A- Es-tu familière avec le néochamanisme et, si oui, qu’est-ce que ce mouvement t’inspire?

DD- Je ne connais pas vraiment le néochamanisme, si ce n’est que c’est lié aux champs de la neurothéologie. L’idée que nous sommes capable de déclencher des expériences spirituelles m’intéresse énormément. Cela suggère qu’il y a quelque chose dans notre biologie qui cherche à atteindre un état d’unité et à faire reconnaitre le fait que nous sommes tous interconnectés.
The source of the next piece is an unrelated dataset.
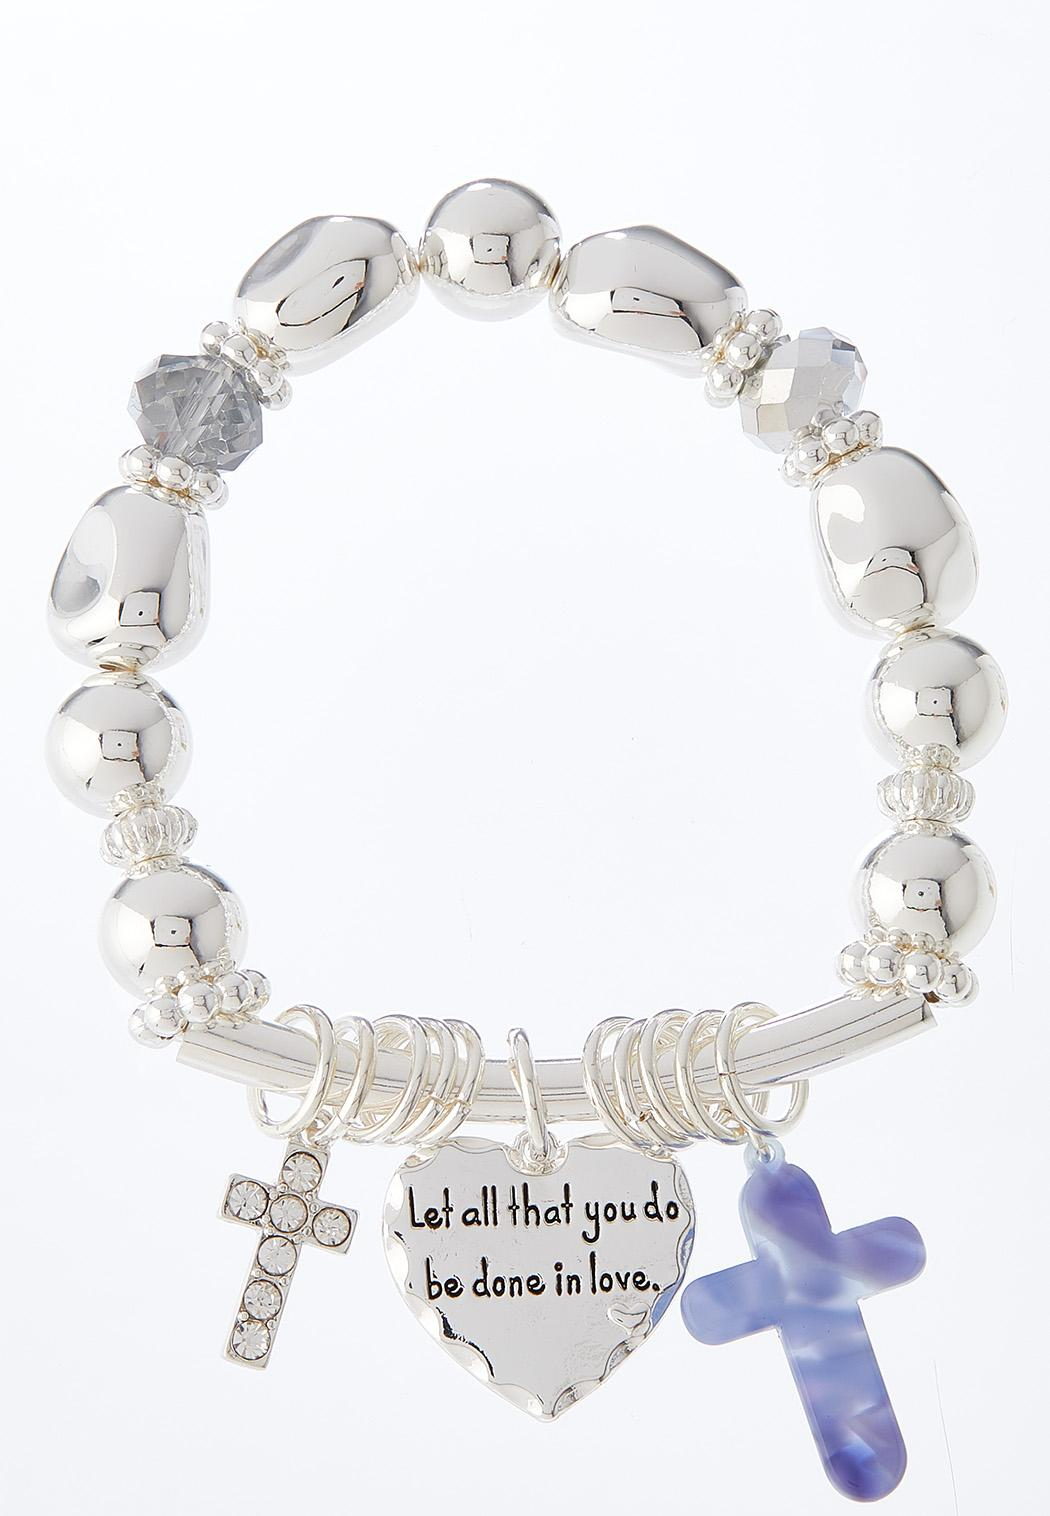 Inspirational Charm Stretch Bracelet

Cette même idée supporte également la logique du paradoxe, au détriment des modes de pensée de types binaires (vrai/faux, mâle/femelle, bien/mal, etc).

A- Comment expliques-tu le succès de la figure de la mort dans la culture populaire contemporaine (t-shirt tête de mort, tatoo tête de mort, bijoux tête de mort, histoires de vampires et de zombies, le tourisme de l’ayahuasca, etc)?
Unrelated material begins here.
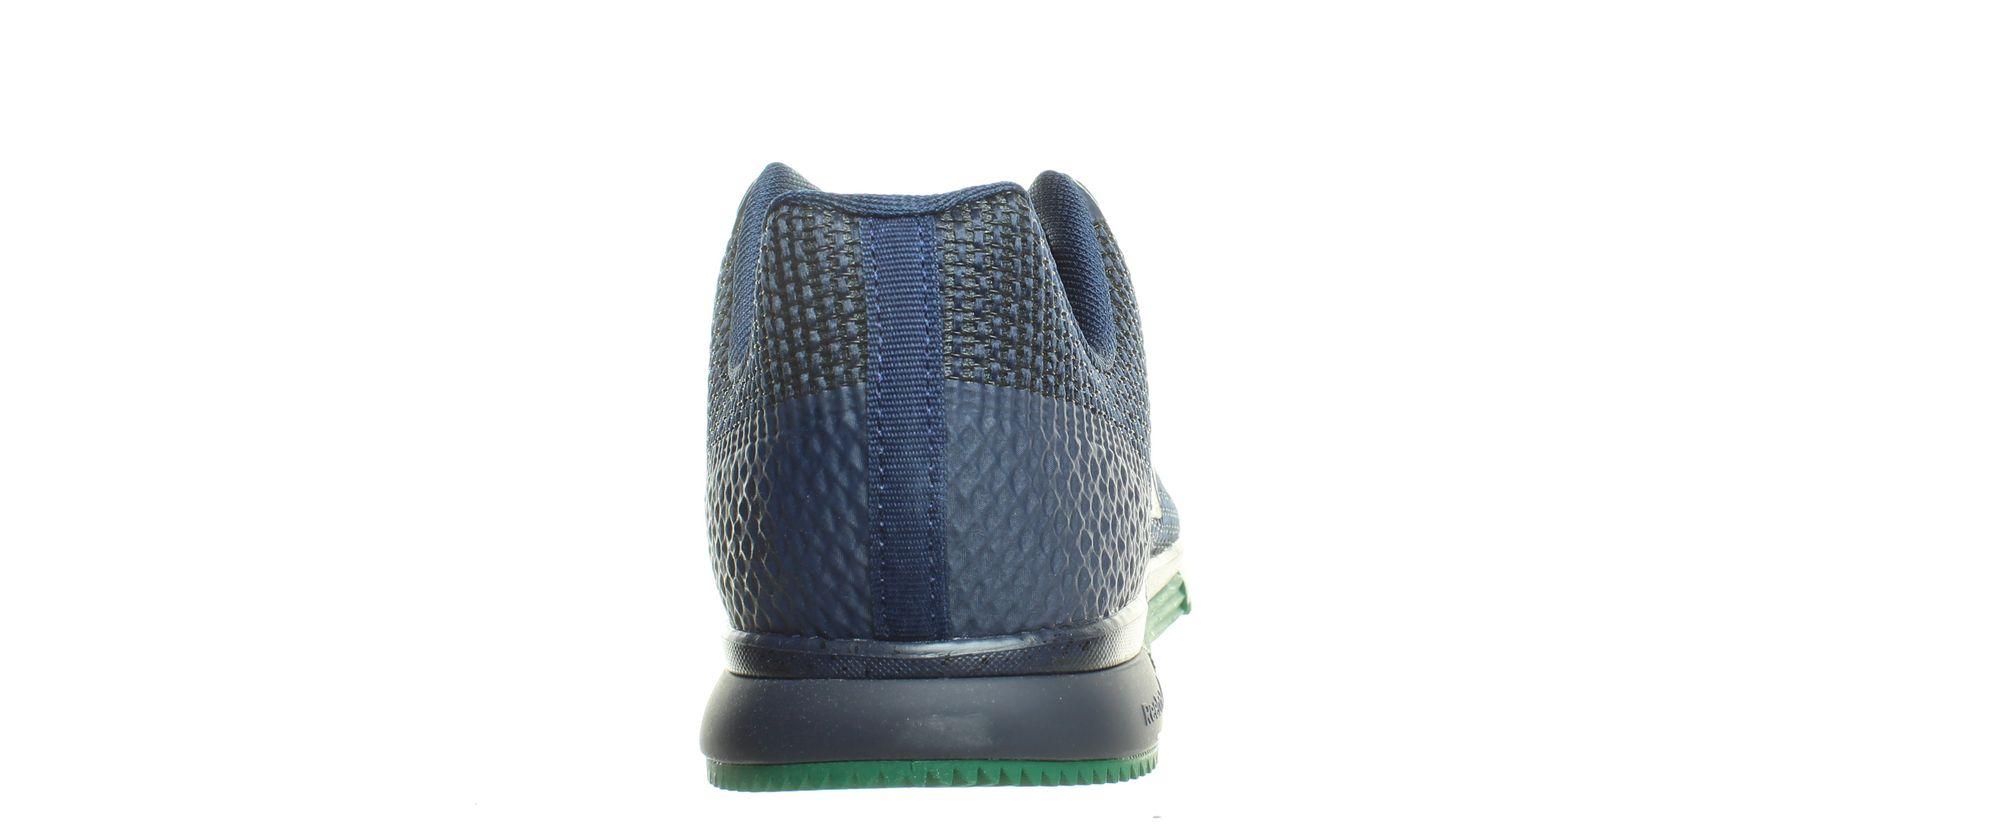 Reebok-Mens-Athletic-Speed-TR-Flexweave-Cross-Training-Shoes thumbnail 16

DD- C’est une question intéressante. Ma réponse est que je ne l’explique pas, même si j’ai bien quelques idées: le déni de la mort dans la société contemporaine (on ne meurt plus chez soit par exemple), la mort comme divertissement (dans les films, à la télé, dans les journaux, etc), les nouvelles technologies et l’augmentation de l’humain, l’acceptation de vivre ‘le moment présent’. Il y a aussi cette idée qui dit que ce que l’on ‘nomme’ perd de sa puissance. Peut-être que la prolifération des symboles mortuaires nous rend plus forts ou nous protège.

Paris 11.

Paris 11.

 

A- En 1976, Baudrillard écrit: « Avec la Contre-Réforme et les jeux funèbres et obsessionnels du Baroque (XVIième siècle), mais surtout avec le protestantisme, le processus d’angoisse devant la mort s’accélère (…), C’est de [là] aussi que  surgit (…) la sanctification par l’investissement (…) qu’on appelle communément ‘esprit du capitalisme’. Depuis, la mort est devenue (…) individuelle et tragique (…) «  (1976:223). Penses-tu qu’il faut repenser la façon dont nous définissons la mort?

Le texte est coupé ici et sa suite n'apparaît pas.